*** Supplied records Section Begins ***

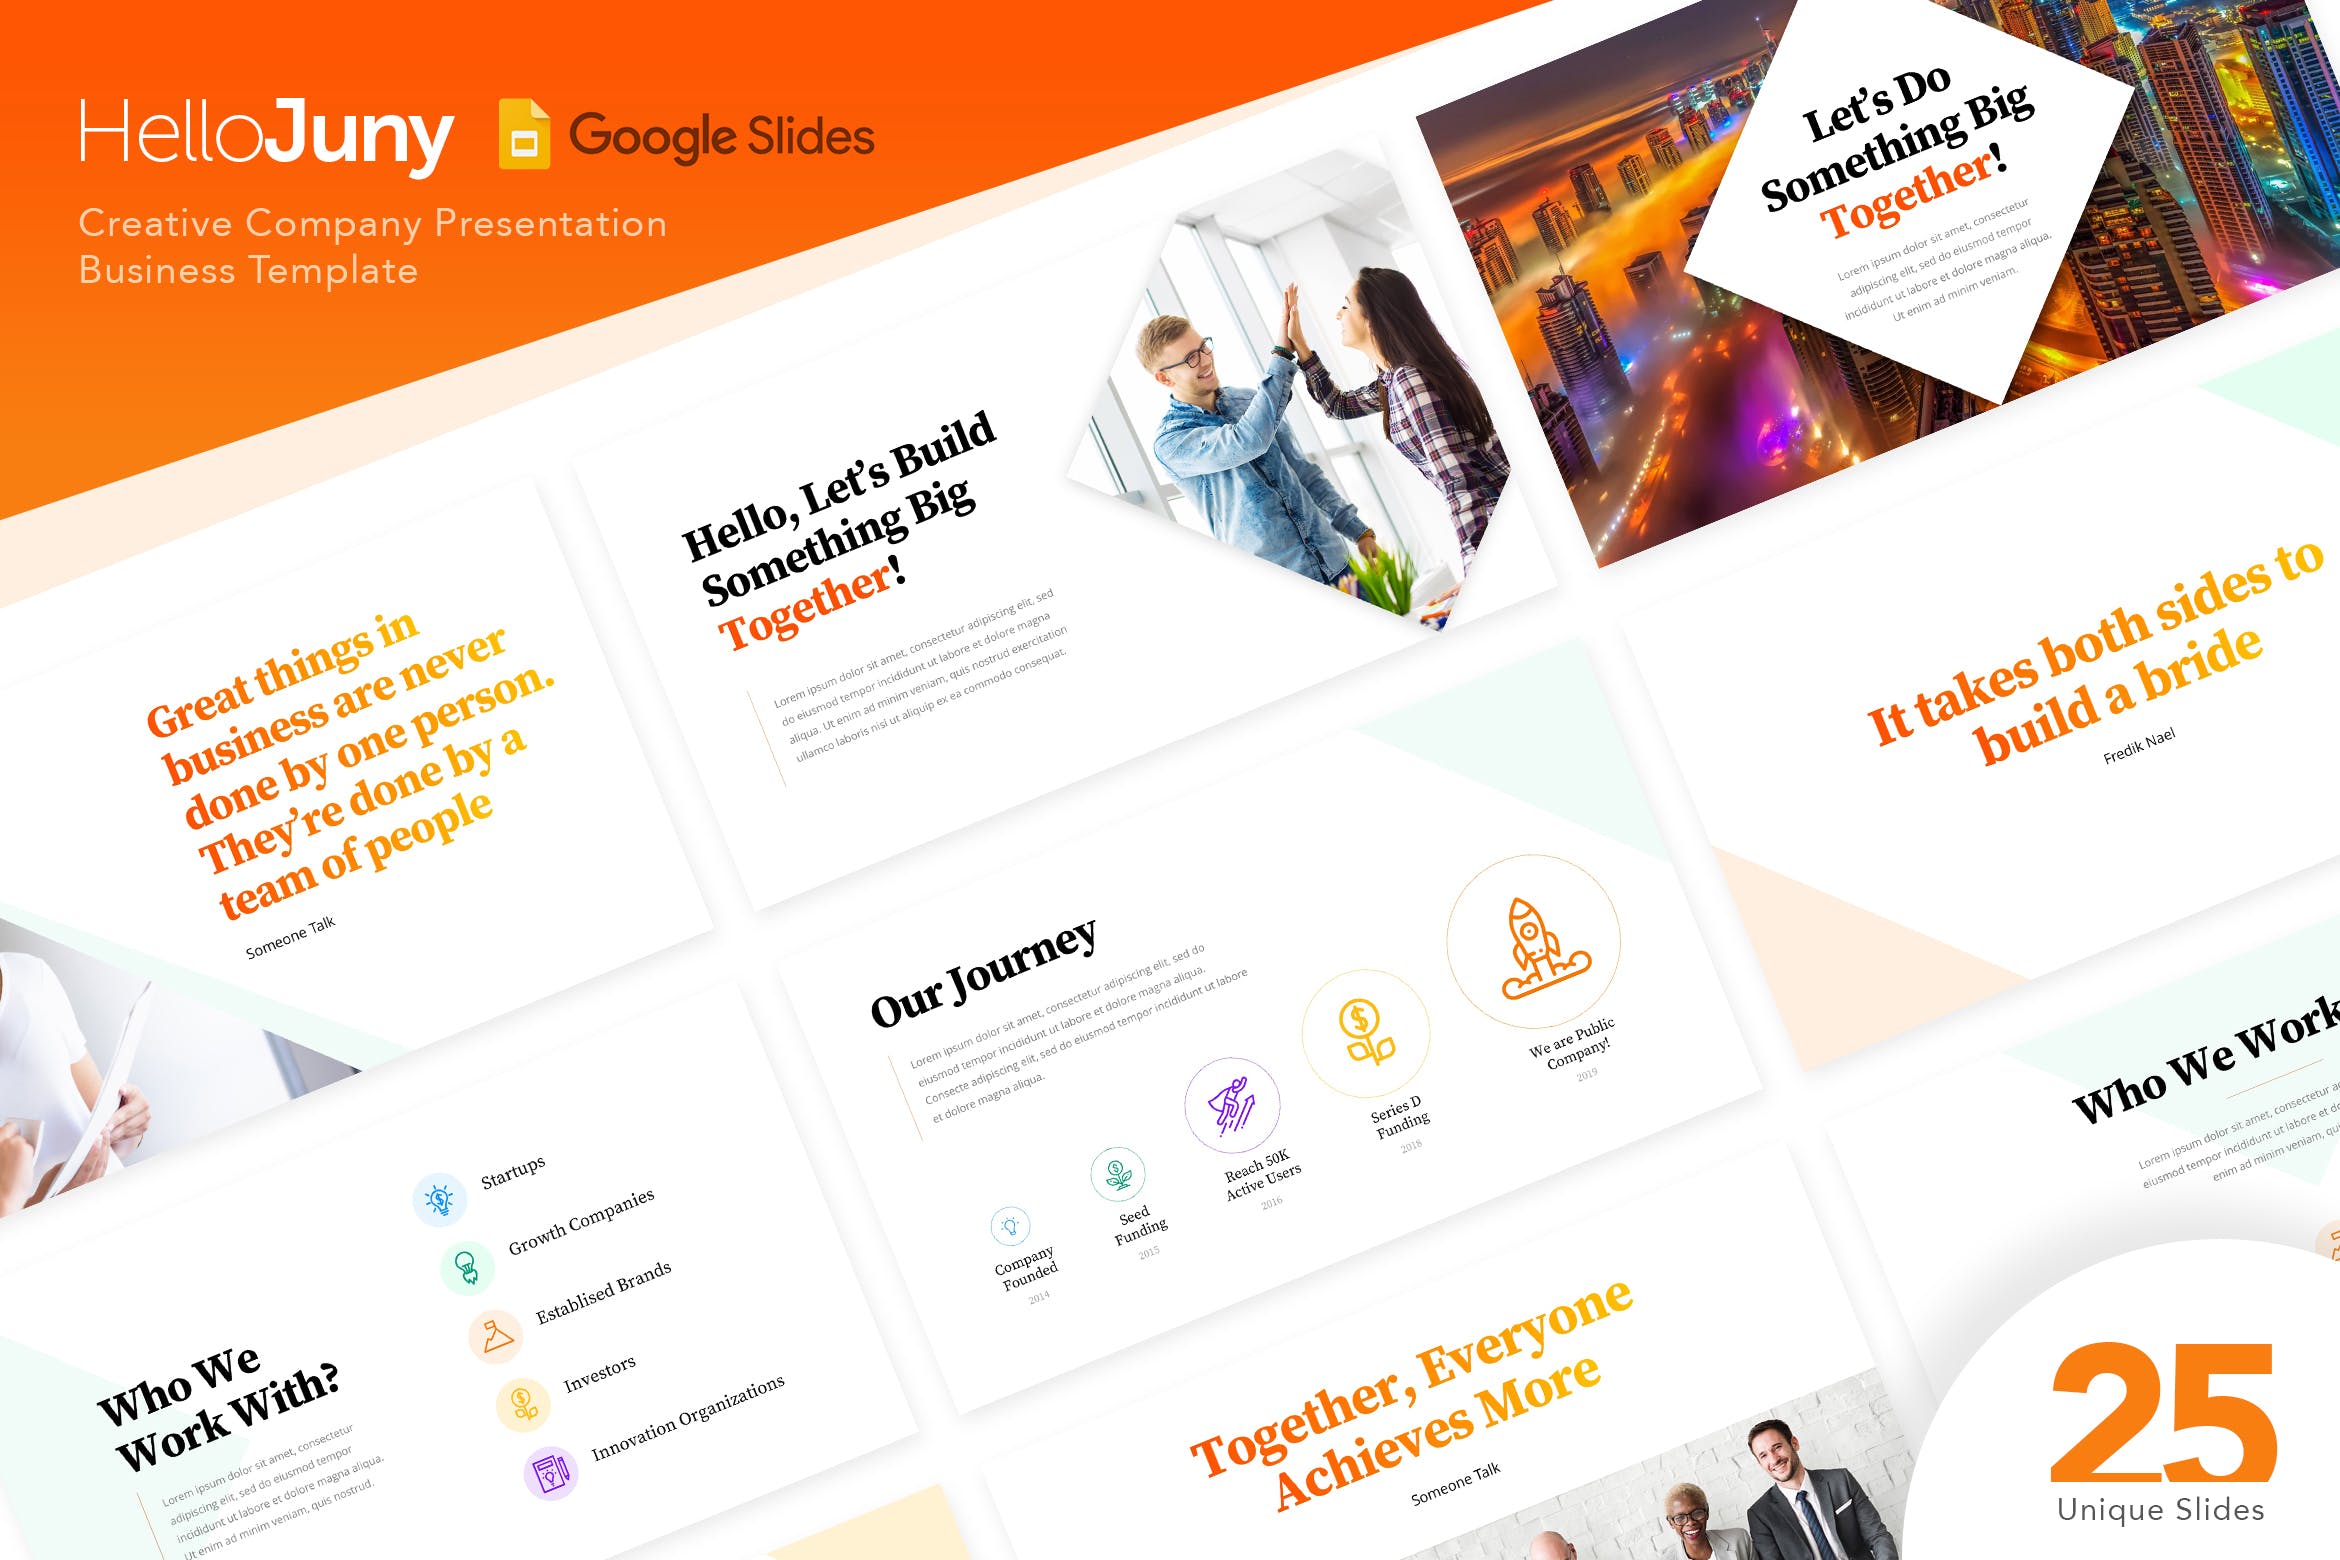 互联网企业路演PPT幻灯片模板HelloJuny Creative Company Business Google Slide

*** Supplied records Section Ends ***
*** Supplied records Section Begins ***

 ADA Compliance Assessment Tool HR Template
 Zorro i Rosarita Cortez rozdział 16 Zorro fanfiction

*** Supplied records Section Ends ***
*** Supplied records Section Begins ***

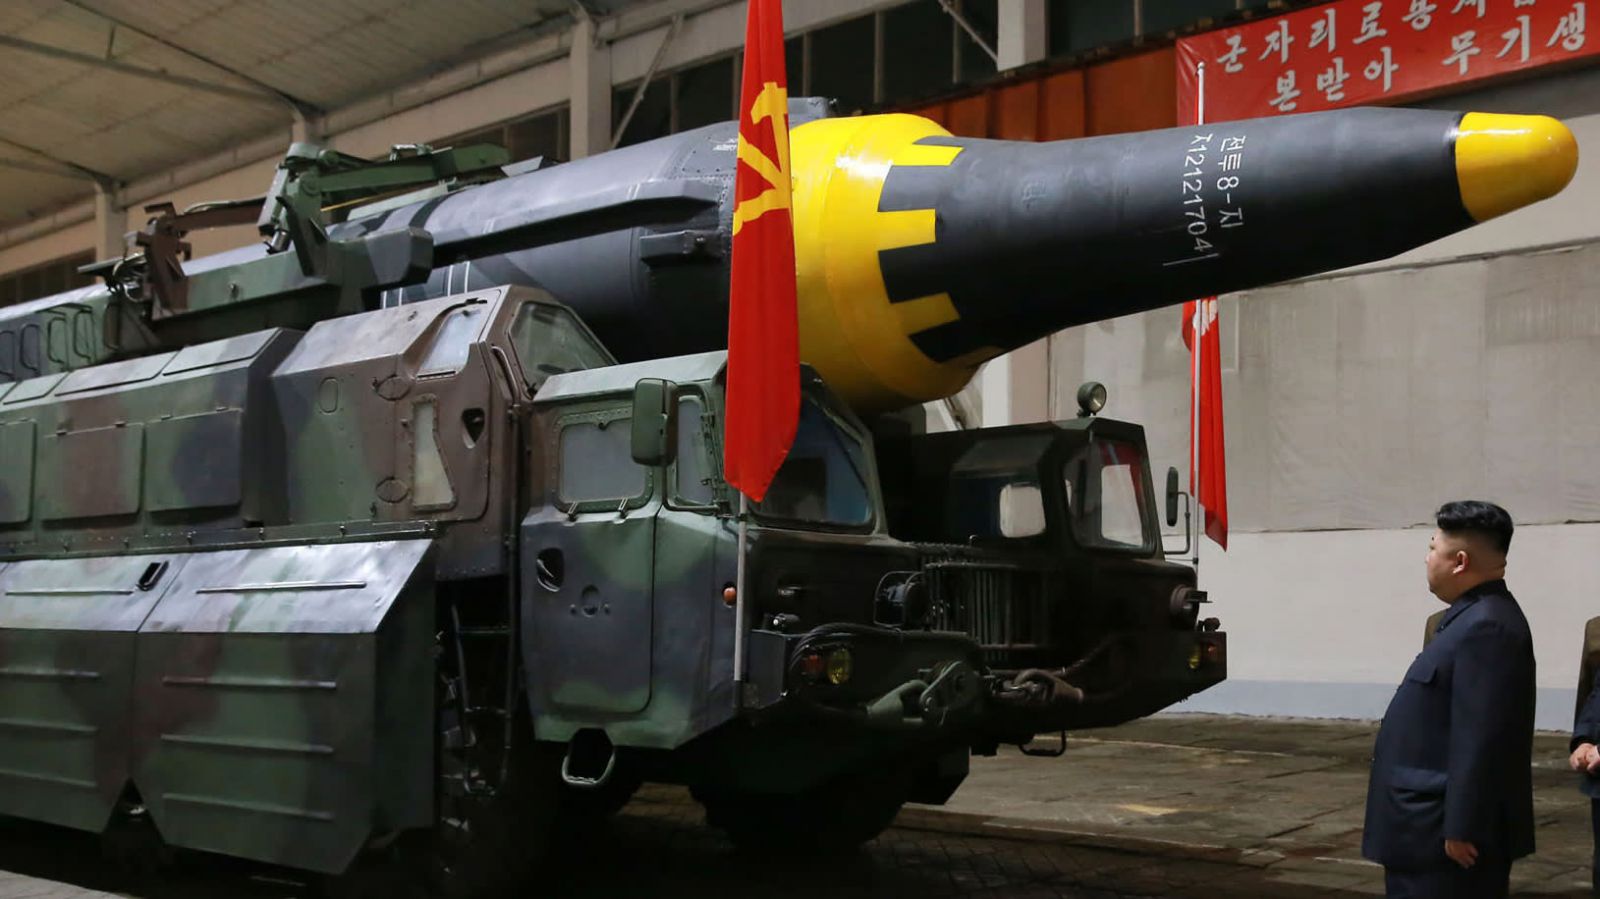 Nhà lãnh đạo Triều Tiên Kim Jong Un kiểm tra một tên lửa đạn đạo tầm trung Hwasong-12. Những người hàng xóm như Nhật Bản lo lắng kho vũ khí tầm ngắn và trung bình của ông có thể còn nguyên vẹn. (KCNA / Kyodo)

*** Supplied records Section Ends ***

With the line that has "ADA Compliance Assessment Tool HR Template" as the first and the line that has "Zorro i Rosarita" as the last, repeat exactly that run of lines above and no more.

Final answer =
 ADA Compliance Assessment Tool HR Template
 Zorro i Rosarita Cortez rozdział 16 Zorro fanfiction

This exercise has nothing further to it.